Это было не в стиле Джимбо, но он тут находился. Я позвал его к моему столику. Он поднял глаза, видимо, сначала не признав меня, а затем сполз с барной табуретки, сжимая стакан, не шатаясь, как пьяный, но, эээ, тщательно вышагивая. Это тоже было не в его стиле.

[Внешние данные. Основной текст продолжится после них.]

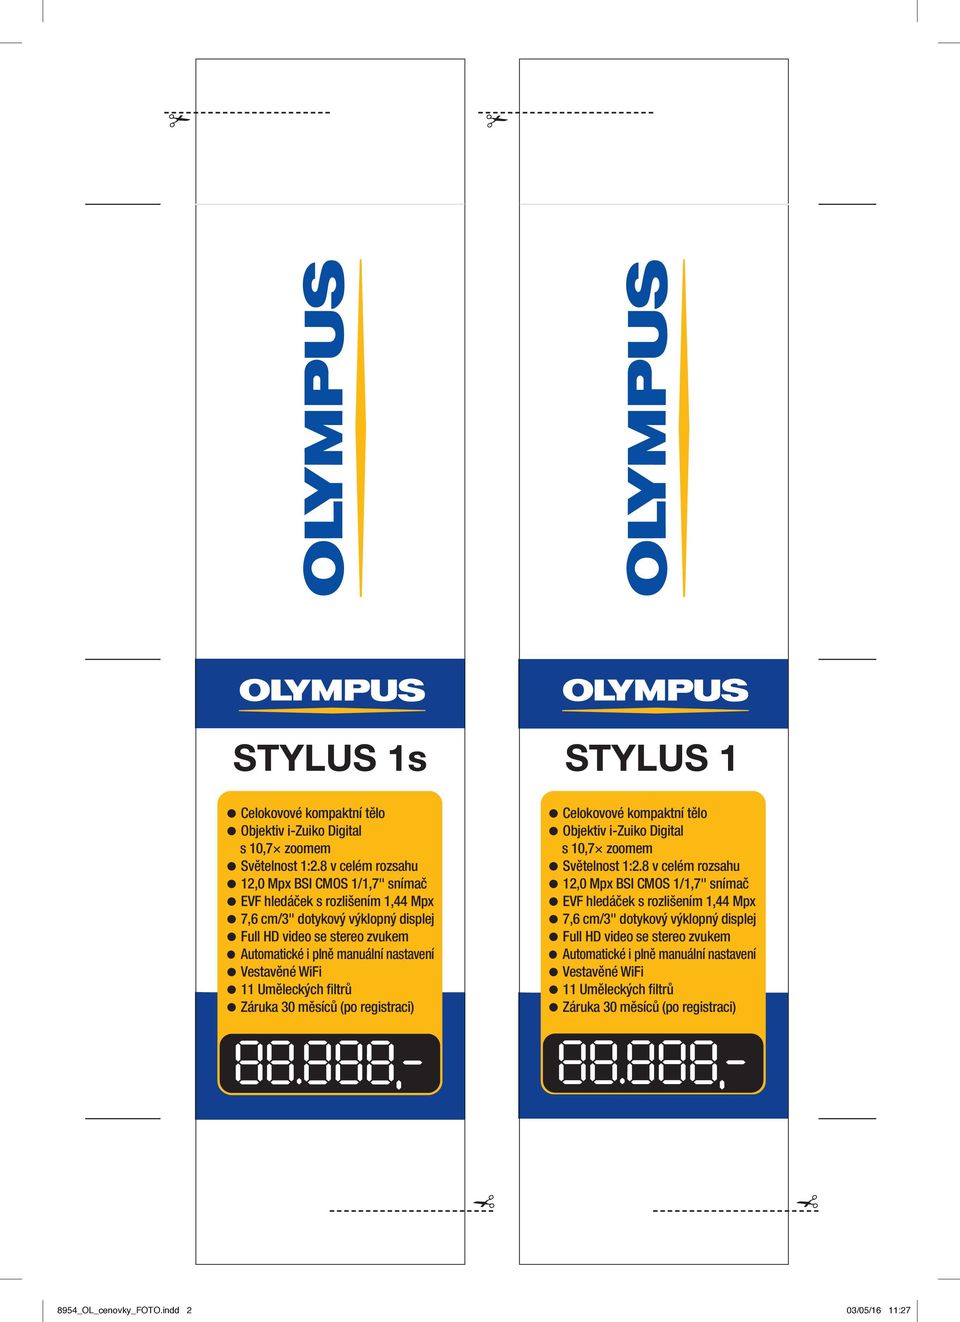 manuální nastavení 11 Uměleckých filtrů STYLUS 1 Celokovové kompaktní tělo Objektiv i-zuiko Digital s 10,7 zoomem Světelnost 1:2.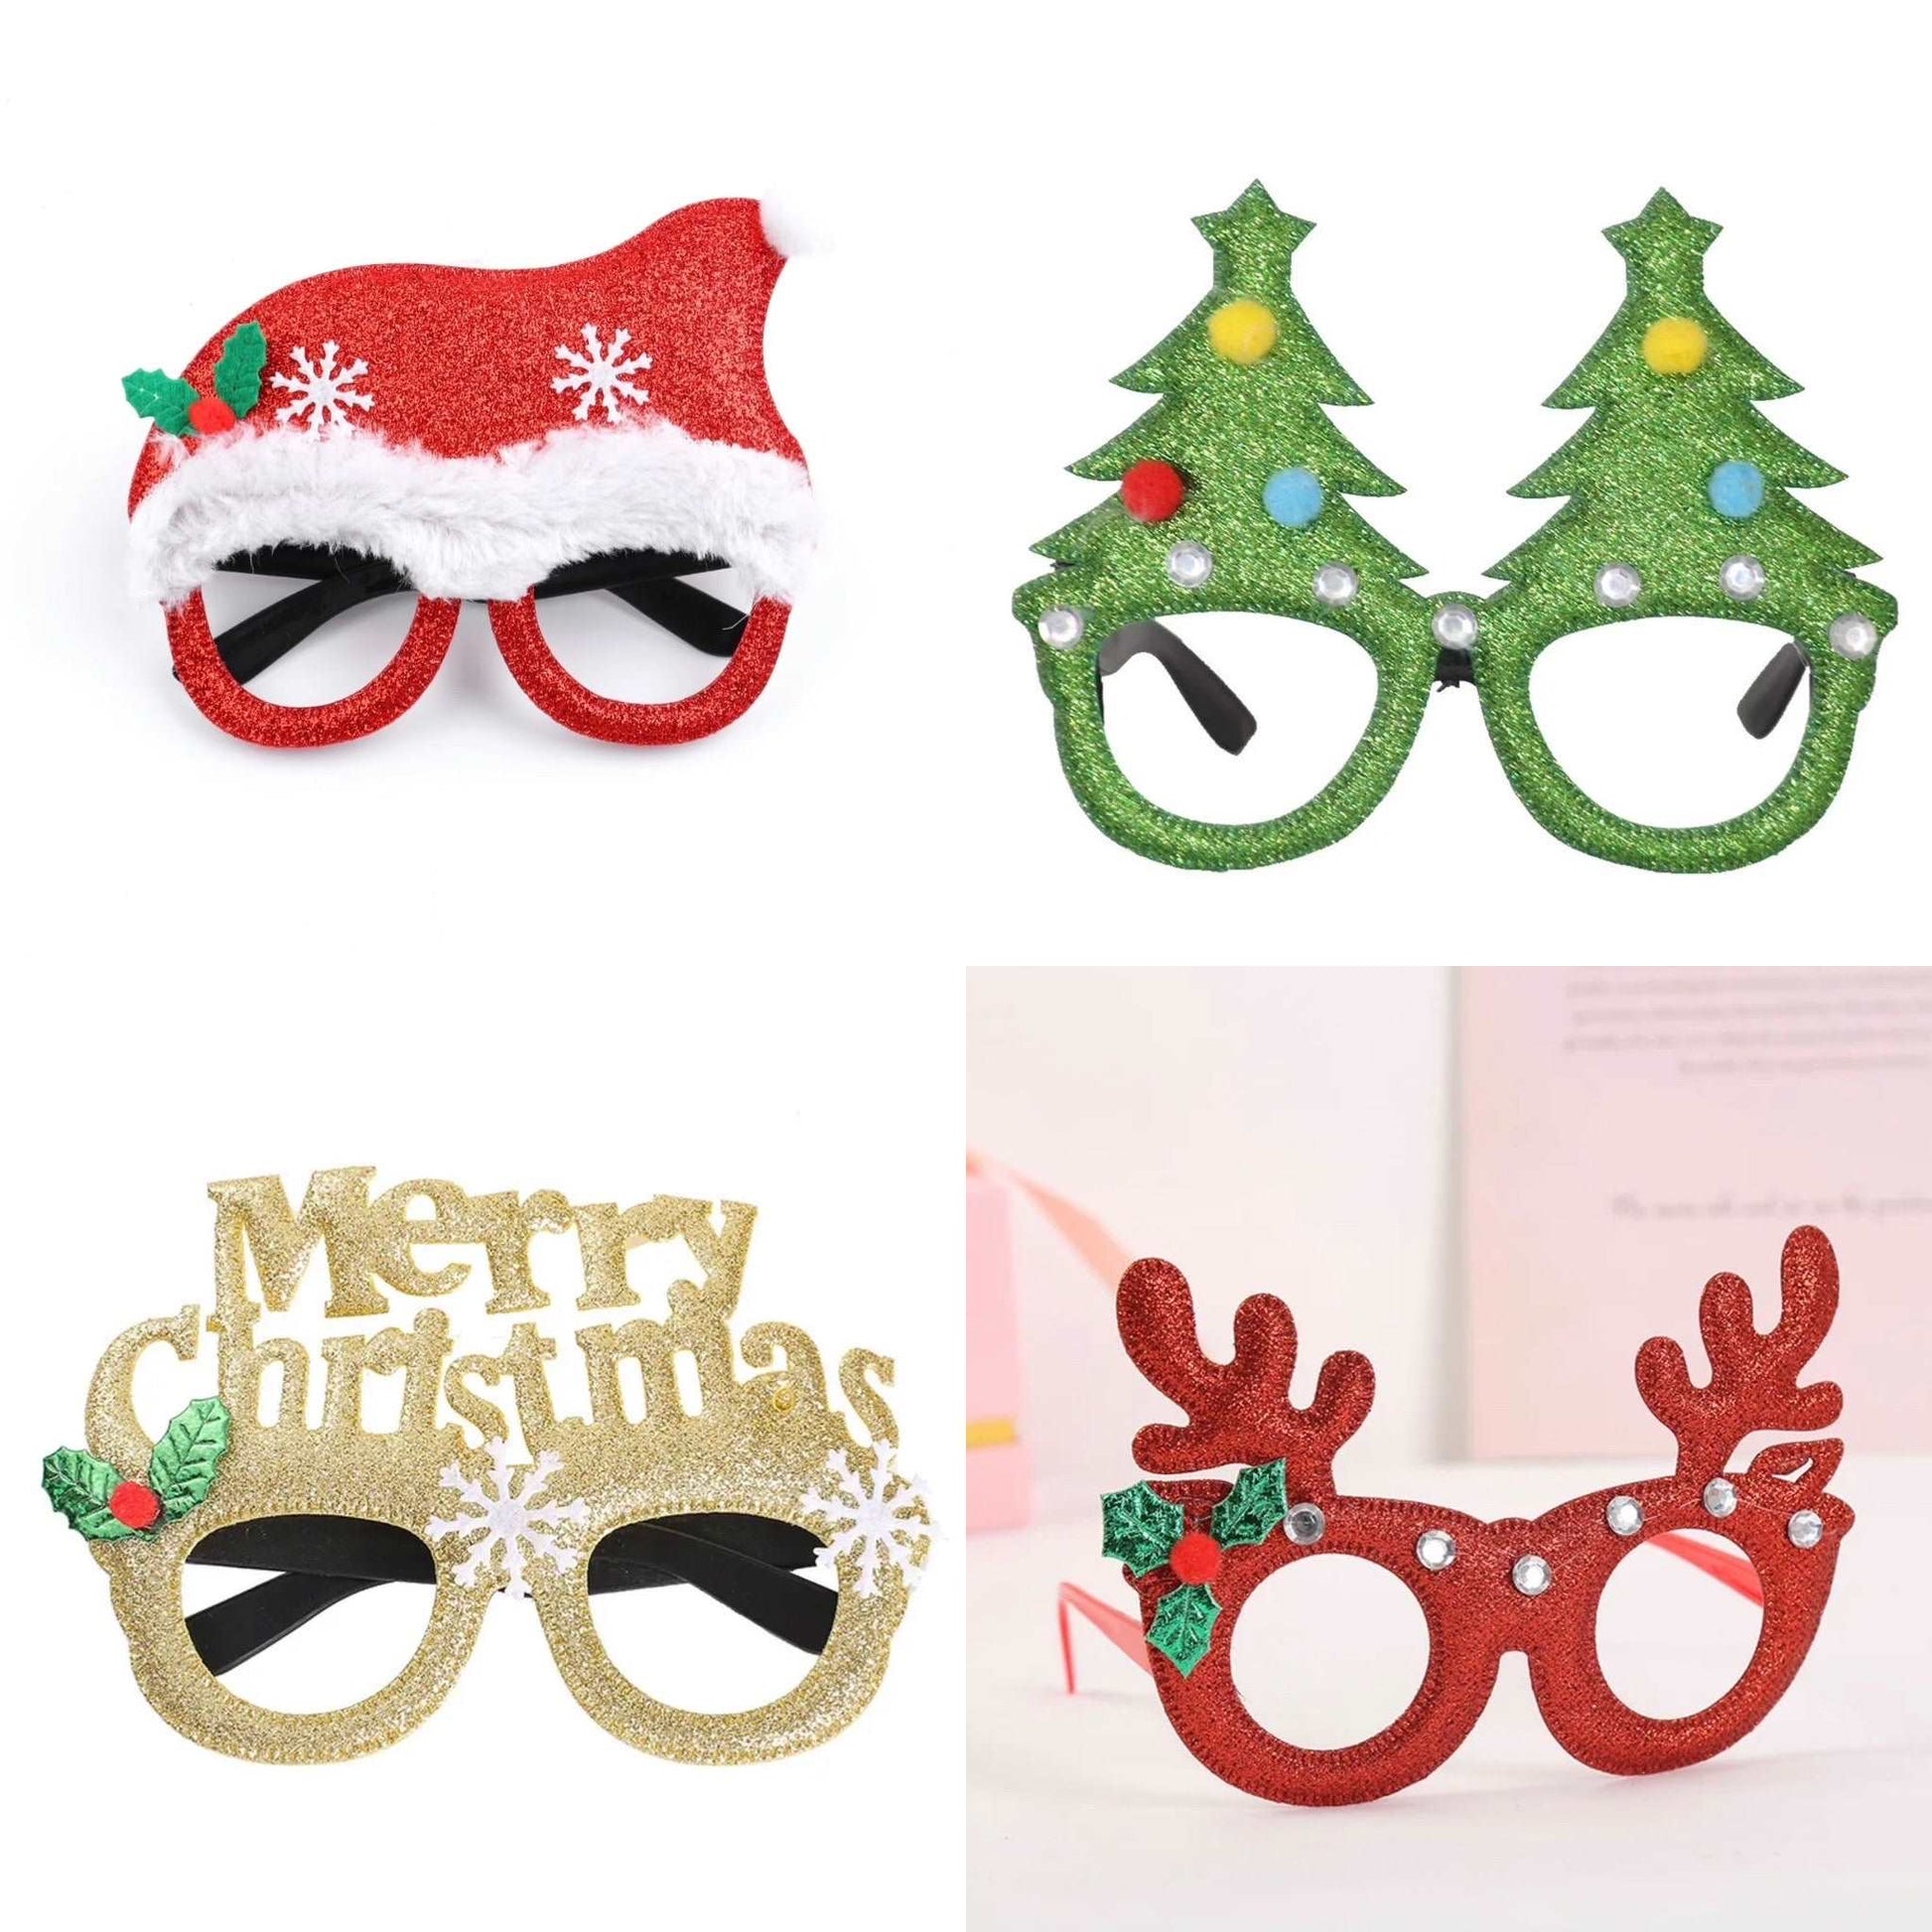 Novelty Christmas Glasses

— Ты изменился, — заметил я.
— Ну, мне сорок три, детка. Тебе всё ещё можно сказать, что, надеюсь, ты всё-таки станешь клёвым романистом. А я уже начал скатываться к старости. Ещё немного и я стану достаточно дряхлым, чтобы сниматься в массовке «Ночи Возвращения Мстительных Живых Мертвецов, часть вторая».
Я понимал, что он, как выражаемся мы, литераторы, был навеселе.
— Это непохоже на тебя.
— По крайней мере, это одержимость взрослого. — Он кивнул на свой стакан.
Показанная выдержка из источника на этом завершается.